As a human being, what is the best advice you have to offer?

I can only quote Kurt Vonnegut: There’s only one rule that I know of, babies-“God damn it, you’ve got to be kind.”

(I would add: to both others and yourself.)

Your work has been so deeply influenced by your exposure to other cultures.  Can you speak to that for our readers?  How do you feel being a World Citizen has impacted the projects you’ve taken on or would take on?

I think my incredibly good fortune in terms of working in other countries is the chance it has given me to really look at what stays the same across cultures—the wonderful and the terrible—because that’s what makes us human.  Classic literature is classic because it’s timeless; because it asks or answers questions about humanity and existence that stay true through the ages.  Kindness, cruelty, love, humor – it’s all there, in every human corner.  I got to see that, in many countries, at a relatively young age.  The questions asked and answered by literature and the writing of it were illustrated deeply by what I saw and the people I worked with.  The Survival Girls (www.thesurvivalgirls.com), who are Congolese women creating original pieces of theater about the injustices they have suffered, taught me that storytelling truly does save lives; it really does affect trauma recovery for the better.  When I saw how central telling one’s story is to healing from certain things, I began to be interested in the work of literature as that of witness, and of testimony.  I looked for ways to honor that role that literature plays in grief and healing and trauma, in shedding the light on situations so that those situations begin to change. Seeing so much of the world and working with people from all over taught me the opportunities to care for others that comes along with being a human in community with other humans, and the projects I take on engage with literature’s role in that.
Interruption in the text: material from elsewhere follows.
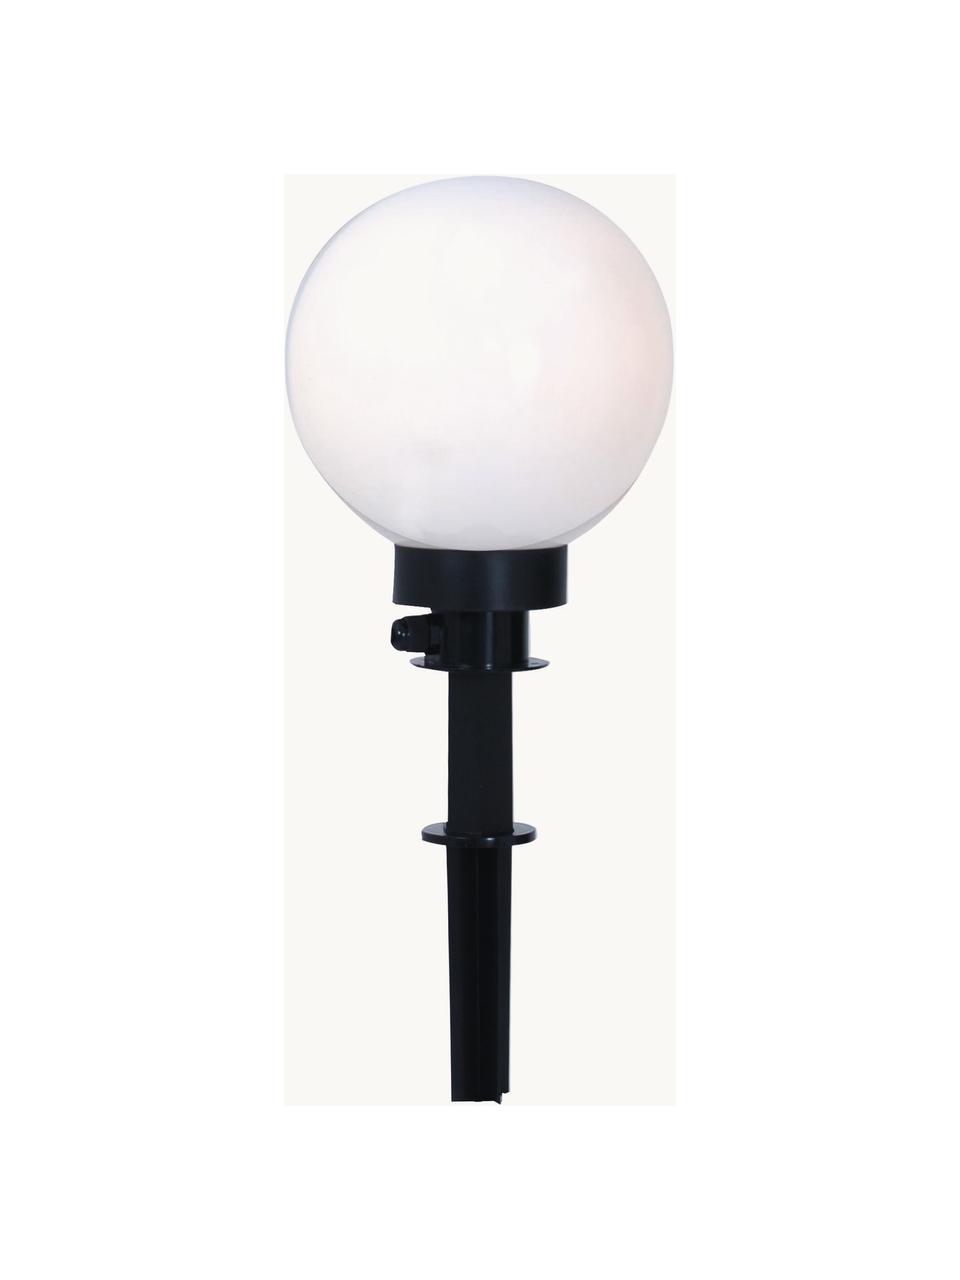 Zahradní osvětlení se zástrčkou Ball, Bílá, černá, Ø 20 cm, V 64 cm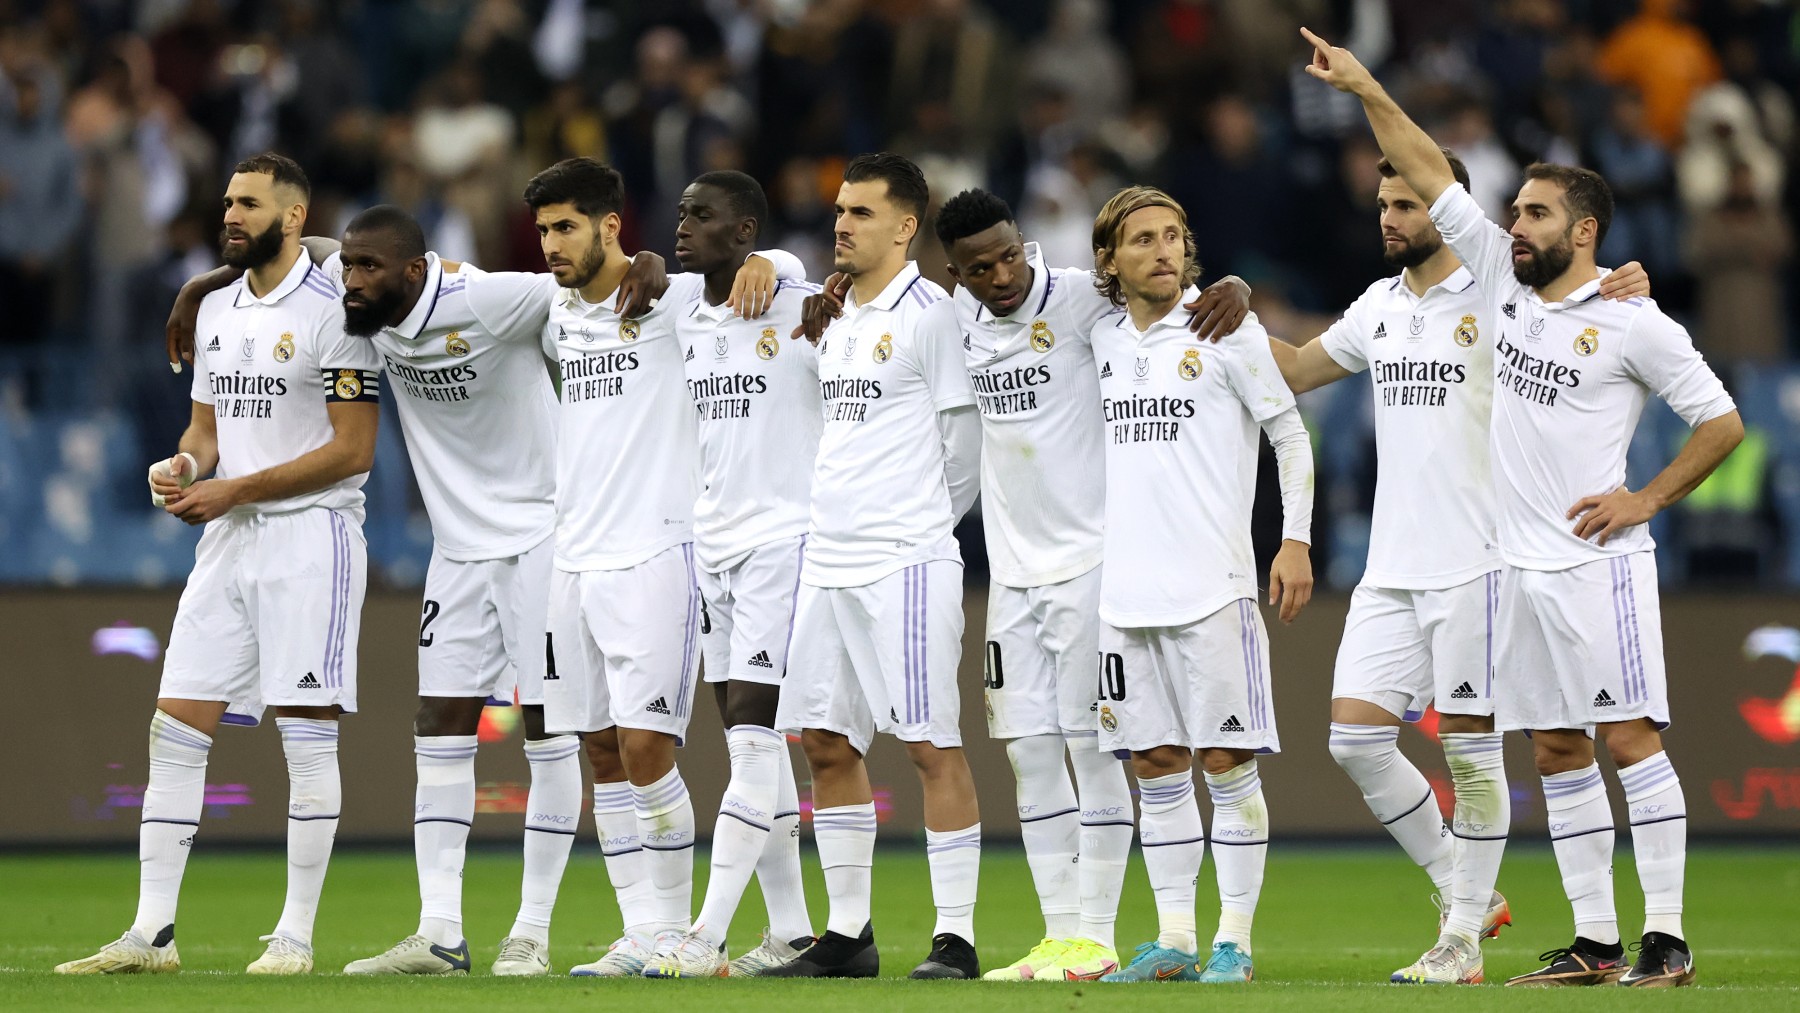 Los jugadores del Real Madrid en la Supercopa de España. (Getty)

What’s recently released or in the pipeline for your readers? Give us a sneak peek.

The Daily Beast put up an extract from my book about that theater group, which I founded in Nairobi two years back.  The book is called The Survival Girls, which was released last month. All proceeds from sales of the book go to tuition for the Survival Girls’ university education.

Writers on Craft is hosted by Heather Fowler, who cares about writing. She does a lot of it. Visit her profile on Fictionaut or see here for more: www.heatherfowlerwrites.com.

 


  1. Ann Bogle

    It inspires me to read about this author and her work and to read her replies.

  2. Sam Rasnake

    Yes. Especially – “Classic literature is classic because it’s timeless; because it asks or answers questions about humanity and existence that stay true through the ages. Kindness, cruelty, love, humor – it’s all there, in every human corner.”

    Enjoyed this discussion.

  3. James Claffey

    Loved reading about a local writer I’ve not known of before.

  4. Robert Vaughan

    What a great find, this interview with an author I’ve not before heard of or read, Heather! The best and rarest precious finds! Thanks for this.